Шрифт:
Интервал:
Закладка:
Пальцы Лорика сжали маленькое колено сестры. Сидони опасливо отстранилась.
– Нет, не убегай! Нам сейчас так хорошо – никто не смотрит на нас, не подслушивает. Сидо, ты права: уж лучше пусть нас разделяет океан! Брат не должен до такой степени любить свою сестру. Господь меня за это накажет!
– Но мы уже наказаны – всеми этими смертями, хоть я и не понимаю, за что. Вспомни, как мы горевали! Новые трагедии нашей семье не нужны. Я часто задумывалась о том, что слишком сильно люблю тебя, что это похоже на настоящую страсть, но сегодня наконец разобралась в себе. Когда я смогу жить так, как хочу, больше не будет недомолвок и ты останешься моим братом-близнецом, которому я буду писать и поверять свои мысли.
– Ты благоразумнее, чем я, – признал Лорик. – Я часто действую по наитию, не задумываясь ни о причине, ни о последствиях. Но даже это оборачивается в мою пользу. Я не жалею, что привез с собой Дору, что мы с ней поженились. Именно такая жена мне и нужна.
– Не стану спорить. Лорик, мне пора возвращаться на улицу Лаберж.
– Сидони! – Брат потерся лбом о ее волосы у виска. – Мне кажется, что мы прощаемся, но это ведь идиотизм, верно? Завтра ты еще будешь тут и когда-нибудь вернешься, чтобы полюбоваться фермой Клутье, самой успешной в регионе!
– Ну конечно я вернусь – когда стану старой, очень-очень старой, – пошутила Сидони. – А теперь иди спать! Завтра у нас праздник, крестины Тимоте, и мы должны быть в форме!
– Поцелуй меня в щеку! – взмолился Лорик.
Сидони передернула плечами, но сделала, как он просил. Лорик со слезами на глазах обнял ее.
– Обещаю, отныне я буду вести себя примерно. И не только напоказ, – шепнул он ей на ушко.
– Лорик, иди скорее домой.
– Иду! До завтра, Сидо!
В Сен-Приме на следующий день, в воскресенье, 25 июня 1933 года
Прихожане выходили из церкви – нарядные, в яркой одежде, громко обмениваясь впечатлениями и комментариями. Дора с Лориком принимали поздравления ближайших соседей. Крестная мать, самая элегантная дама в это солнечное воскресенье, держала малыша Тимоте на руках.
Кюре, который был не знаком с Сидони, задал ей несколько приличествующих случаю вопросов, дабы убедиться, что перед ним – добрая католичка.
– На вас возложена важнейшая обязанность, мадам Прово, – заключил он. – Конечно же, вы должны любить крестника, но, помимо этого, должны наставлять его своими мудрыми советами и воспитать истинным христианином, если, на беду, он лишится родителей!

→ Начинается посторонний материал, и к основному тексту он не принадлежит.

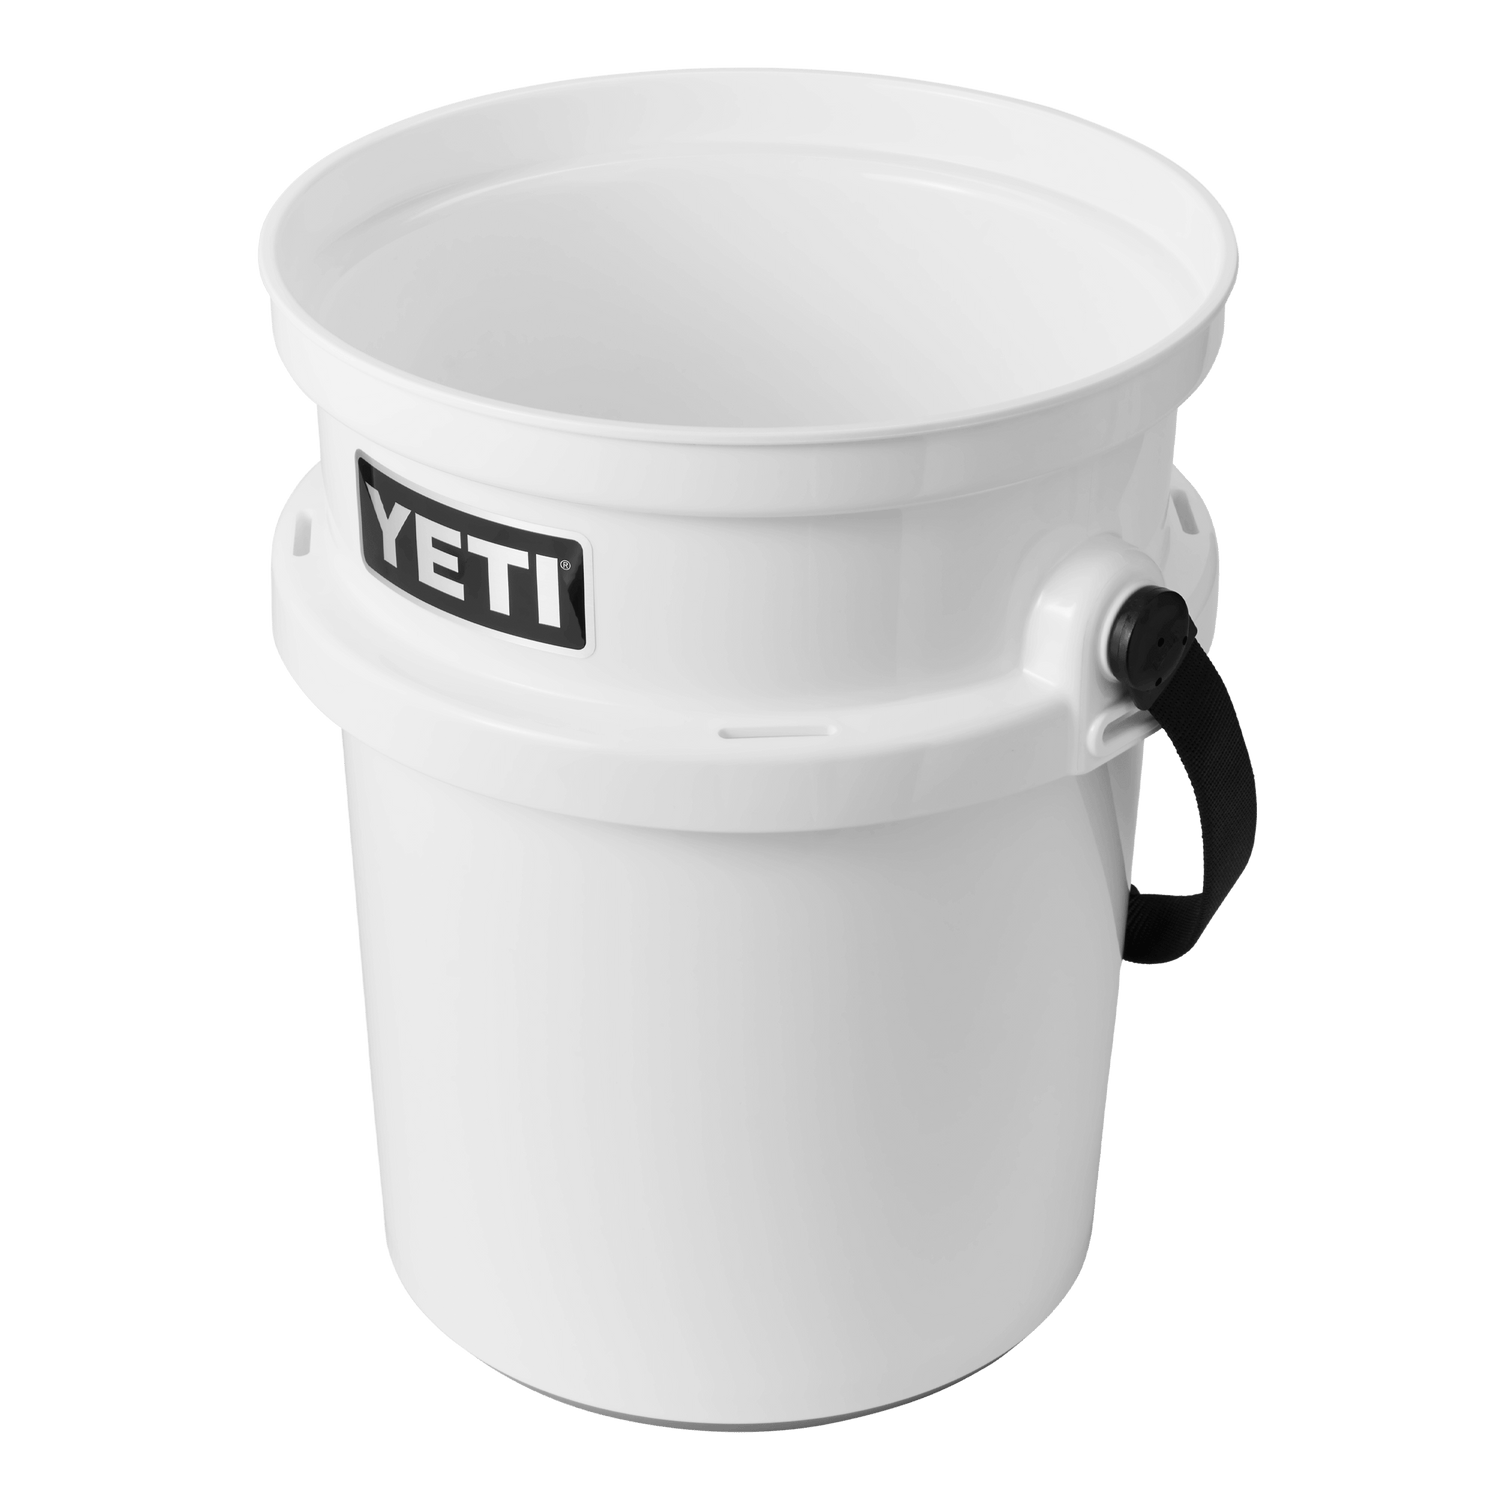 YETI LoadOut Bucket Accessories – YETI New Zealand

Сидони, которую все это раздражало, заставила себя улыбнуться и подтвердить, что осознает важность духовного воспитания.
«Почему он не расточает свои советы крестному отцу? – думала она. – Пьер стоит в сторонке, и ему никто не читает нотаций!»
С растроганным видом, как и подобает любящей тете, она склонилась над младенцем и сделала вид, будто любуется им. «Бедный Тимоте! В следующую нашу встречу ты уже сам будешь отцом семейства – рослым, широкоплечим, усатым. Тетя Сидо скоро исчезнет из твоей жизни», – убежденно думала она.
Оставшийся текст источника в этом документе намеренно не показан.